What we're trying to do...is extract the video sections you want...into a format you can edit easily (DV.) If you get the format right - there is no re-compressed when it gets edited (vs. using a format like DiVX, MPEG-4 etc.) These will be changed when they hit iMovie to DV.

Then we can arrage the clips, dissolves/titles in iMovie
Finally, we can output with iDVD.

Another reason to avoid MPEG4 or DiVX as an 'editing' format - is that they're taking a compressed format (MPEG-2) and compressing it further.
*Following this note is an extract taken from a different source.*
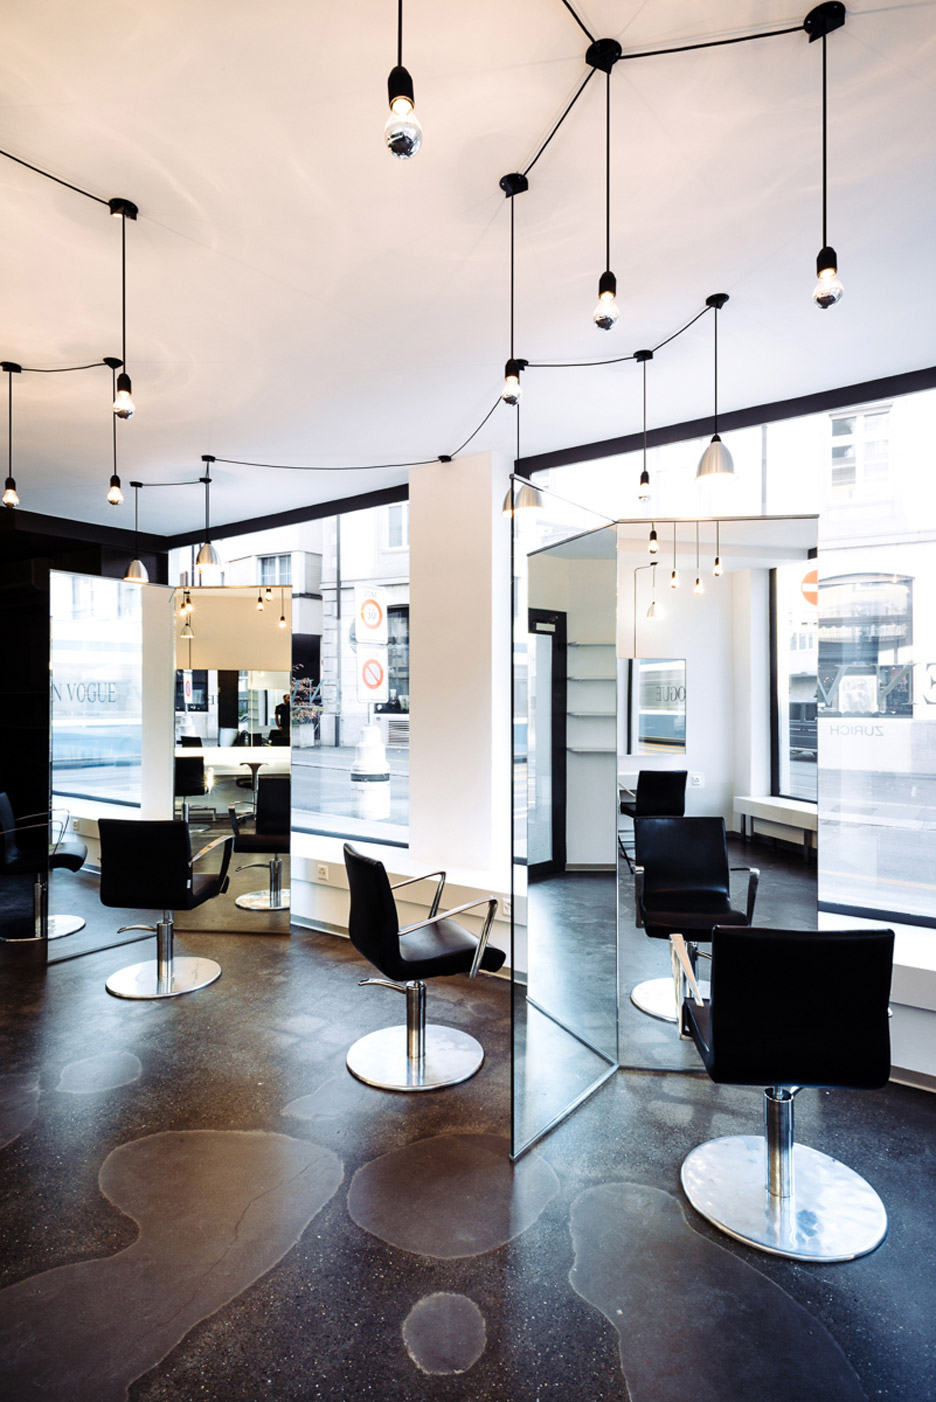 Sculptural mirrors frame spaces in Zurich barbershop by Wülser Bechtel Architekten
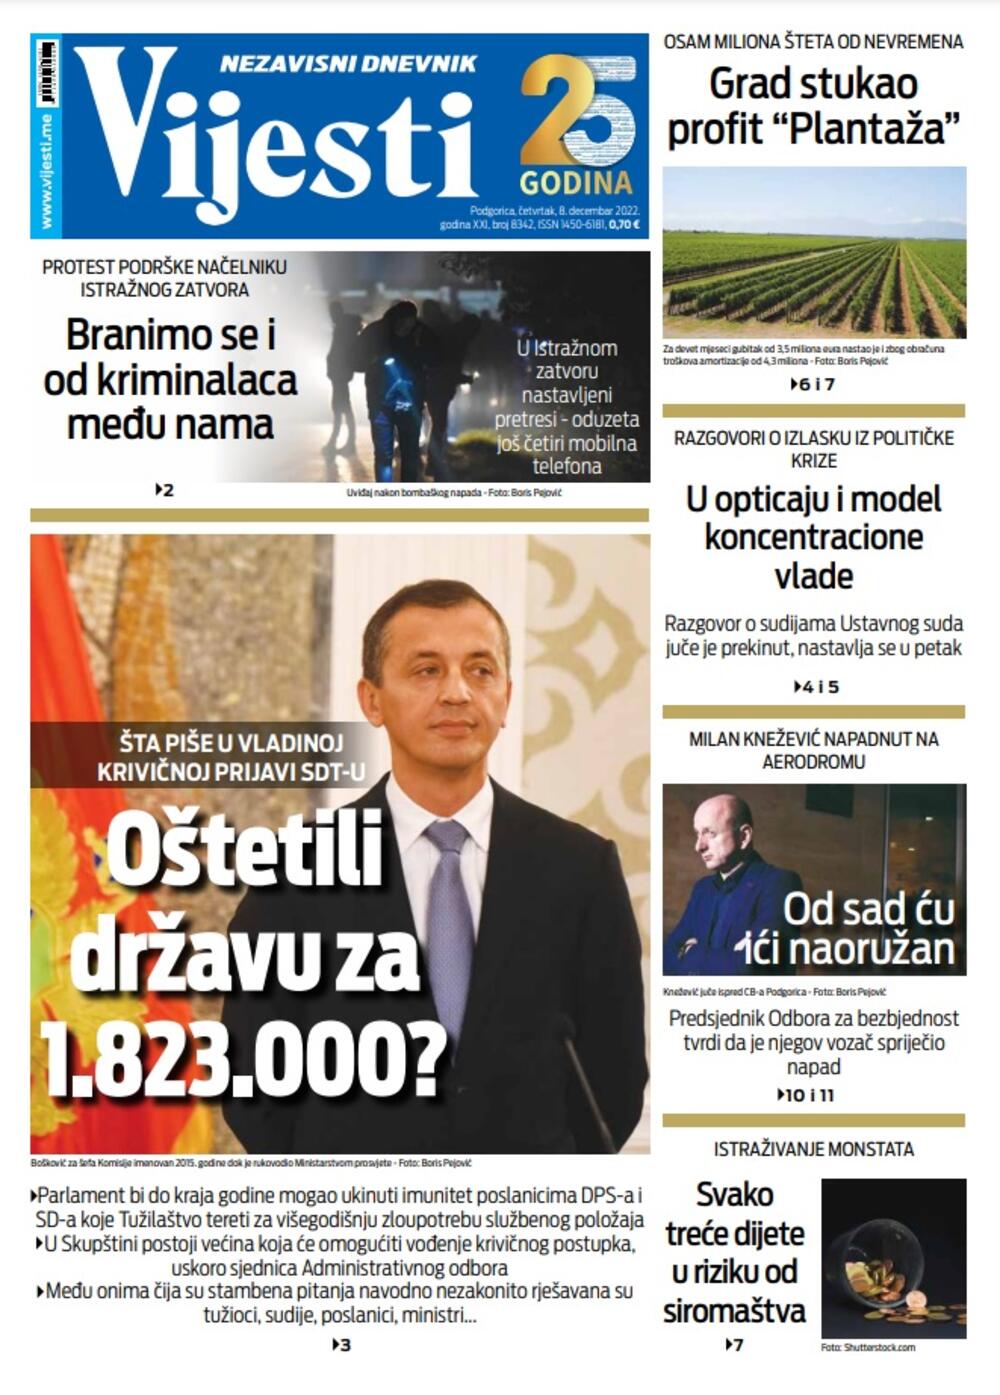 Naslovna strana "Vijesti" za 8. decembar 2022. godinu, Foto: Vijesti

The only area that I'm unsure on (because I don't have a DVD on me, as I'm on the road) is if you need to remove the DVD's copy protection or if MPEG streamclip won't care. CSS (content scramblling system) is the major annoyance with DVDS.
posted by filmgeek at 5:09 AM on January 18, 2006


Response by poster: filmgeek: I downloaded it. I can't see how to browse the DVD itself and capture the points. That looks like a good way to do it though, I'm sorry I'm being thick. It's been a long night.
posted by barnone at 5:49 AM on January 18, 2006


Response by poster: Continued from above: [File/Menu/Open...] What do I open? One of the VOB files listed on the DVD? That doesn't seem to open the video itself in MPEG Streamclip.
posted by barnone at 6:04 AM on January 18, 2006


Response by poster: [I'm sorry, I'll shut up after this, but maybe I need the Quicktime MPEG-2 playback?]
posted by barnone at 6:07 AM on January 18, 2006


Yes, you do.
posted by eustacescrubb at 6:48 AM on January 18, 2006


Dammit you're right you do. I just check the help. I forget my powerbook is tweaked out as such. Um...lets see what your email has to see if it helps.
posted by filmgeek at 7:37 AM on January 18, 2006


What I do is to rip the dvd with MacTheRipper. I try to find the chapters I need first, and only rip those instead of the whole disk. Then I use DroptoDV, which is a simplified ffmpeg. You just drop the vob from MTR into droptoDV and a while later a dv file pops out, just like the file from a digital video camera. You can now use those files in iMovie (drag and drop into iMovie), and then take those to iDVD.

You don't need to know what you're doing at all with this way. Just get the chapter out with MTR, convert it to .dv with DroptoDV, and edit it in iMovie, and burn it with iDVD. By converting the DVD to .dv, it's just like editing a movie from your video camera. It might be too late, but I don't think it gets easier than this.